The Keltenweg (on today's
city boundary between Anif and the city of Salzburg) forms the long axis
to the west in the direction of Glanegg Castle.
The row of oaks in
Hellbrunn Palace Park is also a protected part of the landscape
(GLT100).
pictures and quotes
“What you see here of lovely
hills, lush meadows and sparkling waters, Markus Sittikus, Archbishop of
Salzburg and sovereign, not without pity admiring the neglected gifts of
nature, has girded with walls, adorned with theaters; he collected all
the different sources from a swamp and dedicated them to beloved
posterity in 1613.”
– Inscription on the central part of the Altemps
fountain
"Oh, what paradise on earth! The garden: a labyrinth of
waters, a play of naiads, a theater of flowers, an arena of those who
look around, Capitol of statues, museum of graces, a wealth of reasoned
contemplation in joyful gaze! Oh sweet solitude! O mysterious forest fit
only for a king! I lose myself in such forests, more so than in a
labyrinth. I just don't have the words to describe everything.

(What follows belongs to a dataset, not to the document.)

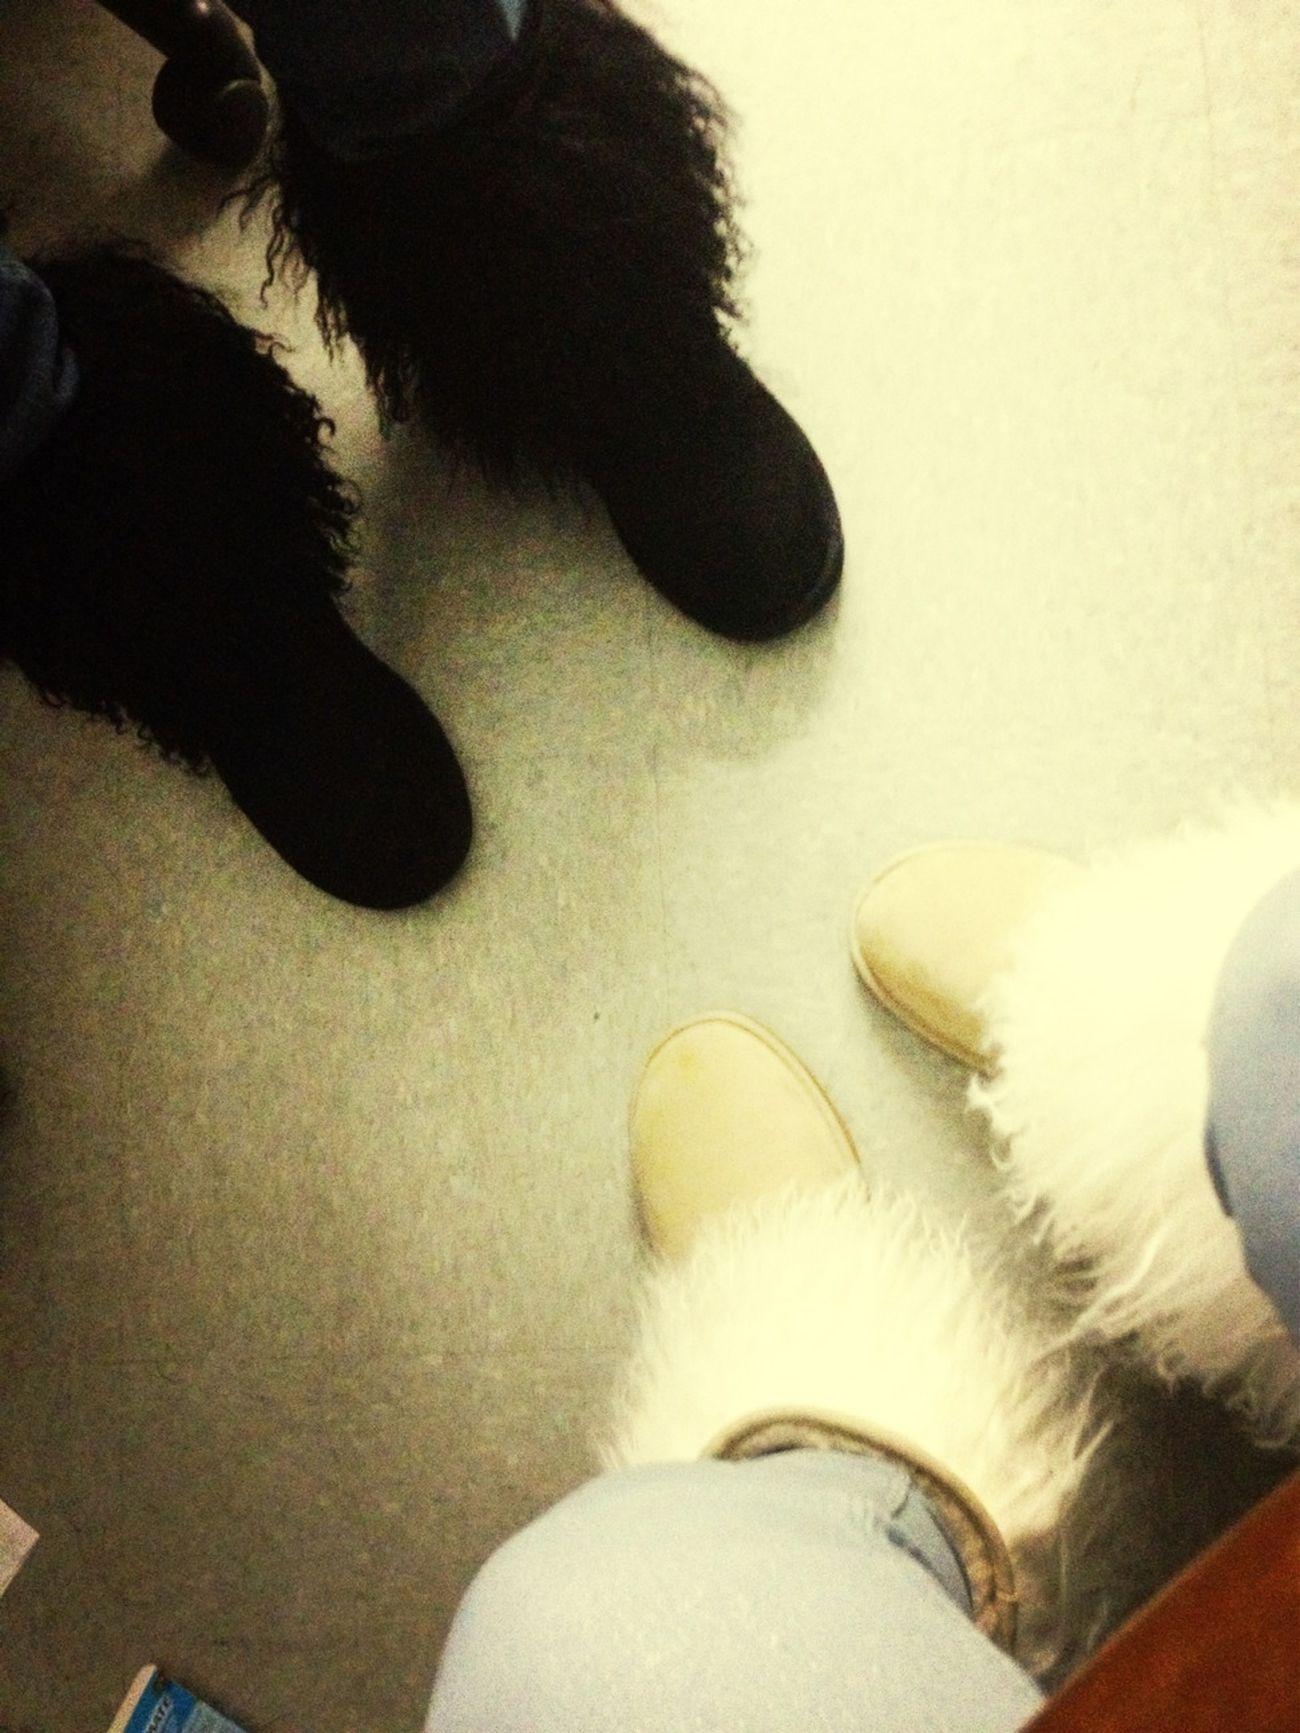 Me & Mico #kotd

I find
Venice embodied in the waters, but Rome is summed up in the artificial
buildings, so to speak.”
– Domenico Gisberti, 1670
Future
design along the Fürstenweg
Hellbrunn's former historic gardens
within the castle walls are currently still being used as unattractive,
asphalted car parking spaces. The once representative access area from
Hellbrunner Allee to the east portal of the palace is currently also an
asphalt parking lot. A relocation of these very disruptive parking
spaces and the merging of the various car and bus parking spaces into
one closed parking lot would be an option. As a result, the design of
the asphalt surfaces according to historical models is important.